De los vencedores solo se cuenta el alivio de haber quedado con vida, de volver a pisar una tierra tan vieja y tan suya como el planeta, reposando sobre la sinrazón y la estupidez de la bandera y la frontera.

—Ma…máximo, no-no te-te preocupés, ke-ke te van a cu-cuidar… nono tete mu-mu-muevas…

—¡Tulo! — habló entre el delirio y el tormento—. ¡Tulo! Busca a Salvador, lo tenía de la mano… ¡Tulo! — el mundo se volvió a desvanecer con el dolor pegado a la angustia.

—¡Máximo! ¡Reacciona!

—¡Díganme!… ¿Encontraron al soldado Salvador Reyes? —preguntó Máximo al vacío.

—Max… Ya está bien… Deja a Salvador, suéltalo ya… —Aurora lo tomaba de la mano en el presente deseando que soltara al amigo del pasado, y así lo ayudó a sentarse mejor. Todo pasado no fue mejor, ese pasado se había llevado parte de su vida y ahora solo quedaban ella, su amada, su dolor y los recuerdos.

—Déjame sentarme en la silla… Tengo ganas de escribir… —retomó las fuerzas; con decidido movimiento la hizo a un lado, se empujó arrastrando su cuerpo tullido hasta la silla de ruedas y como recompensa al esfuerzo suspiró. Llegando a su lápiz y a su libro de apuntes se internó.

Las paredes y sus cisuras 
me elevan a aquellos días 
en que el tiempo pasa como el aire, 
casi sin sentirlo.

Mi piel seca y arrugada 
se estira en la dimensión 
de las pasiones olvidadas 
y el beso postergado se congela.

El cuerpo de ella, suave, tibio, 
su entrega convulsionada,
se entierran en mi sonrisa, 
como cuando el sol se oculta detrás de mi dolor.

Y los amigos, 
los que nos siguen eternamente,
como en noche de luna, en lo oscuro, 
así su presencia refleja su sombra en mi penumbra.

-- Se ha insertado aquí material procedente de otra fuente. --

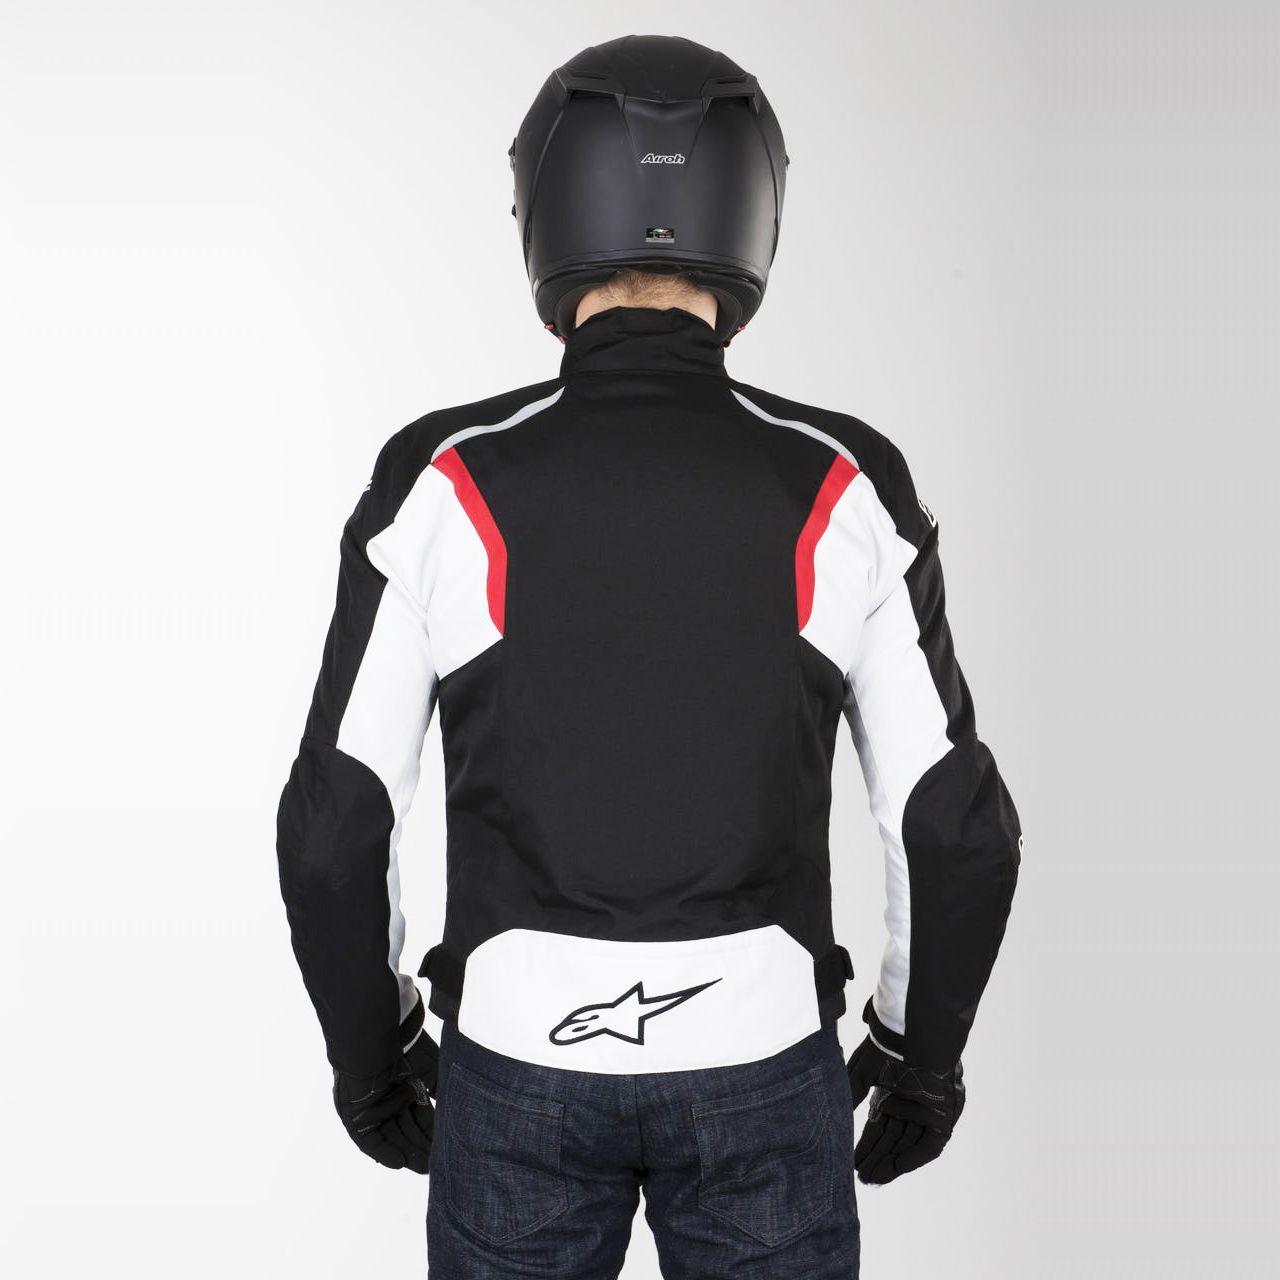 0 Jaqueta Alpinestars Fastback Impermeável (Preta/Branca/Vermelha)  - Planet Bike Shop Moto Acessórios

Qué vale, qué vales tú, Máximo… 
de qué valen los pensadores sin el cambio,
como el canto del ave en la ventana del sordo. 
Cuántas cosas hemos sufrido 
por la necedad del egoísmo, 
por la renuencia a no querer saber más.

He vivido tanto,
he visto mucho 
y nada es nuevo bajo el sol 
y sin embargo, estamos peor que antes.

Salvador Reyes, compañero de mis ausencias, 
ya son años sujetando tu mano 
y aun así has caído en el sepulcro de los perdedores, 
aun así estás entre los desaparecidos, eterno amigo, 
tu nombre ha tallado en mi memoria la buena razón 
y me ha salvado de la bestia del olvido.

Y a ella, Aurora, mi mujer, 
novia de siempre, 
a quien le debo la vida 
y mi amor desgarrado.

Las Torres,
a los quince días fríos del Poshá del año VI.